Almost half the money, but twice the weight. Added weight will cut down your range- it’s simply more work to push.
See how this works? Like anything else, if you want to dance, you have to pay the piper.
The tricky part of this is understanding how the weight difference will affect your performance, and what you want, and what you can live with. There, you’re pretty much taking a guess, unless you’re an experienced builder, because so much depends on the overall picture- the type of bike, the type of riding you do, what you want and need, all those factors, even your physical weight. Knowing exactly how the weight difference of lead is going to affect your overall riding satisfaction is something only you can decide, and usually after you’ve made the build. You can, of course, talk to people, look at builds, and now, even look at commercially available products to see what works and what people claim for numbers.
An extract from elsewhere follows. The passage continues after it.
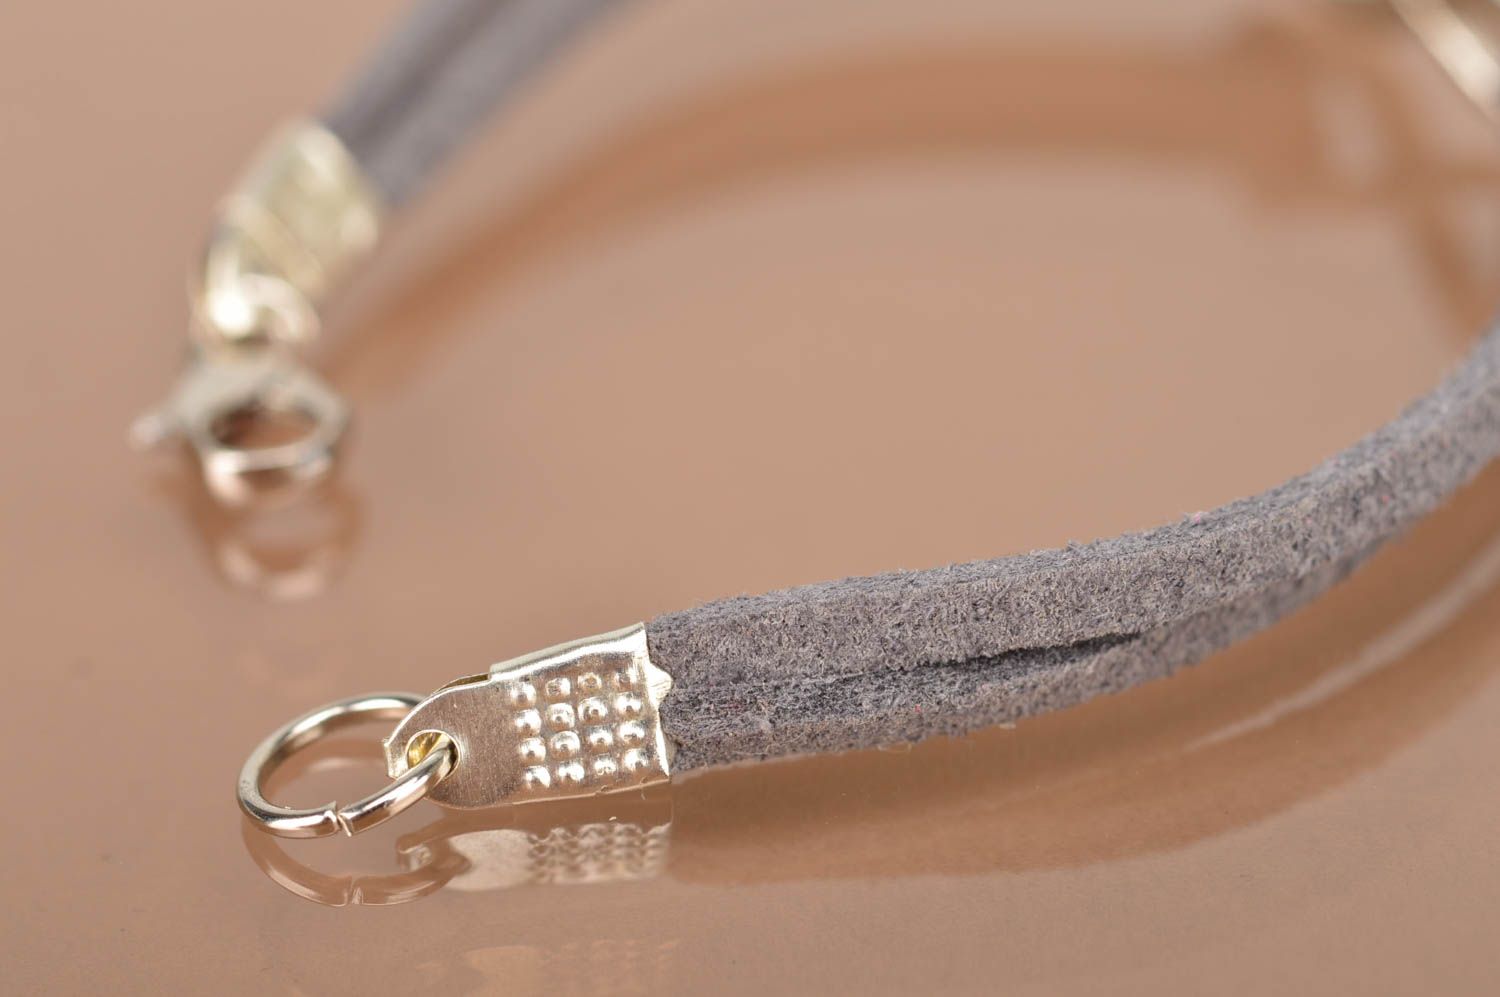 Stylish handmade suede cord bracelet wrist bracelet designs gifts for her photo 5

Ultimately, though, you have to see for yourself.
Add to this the fact that battery technology is, thankfully, moving at a pretty fast clip, and you get to my personal strategy (OK, I stole this from a comment Brian Wisman of Brammo made…) of making the bike “battery agnostic”, to allow you to adapt easily to new types and configurations of batteries in the future. You really can simply build a bike and, once the motor and controller are there, just plug the required voltage into the controller. The key is designing a way of holding the batteries that’s versatile- set it up for what you want to use now, and make it so you can change later.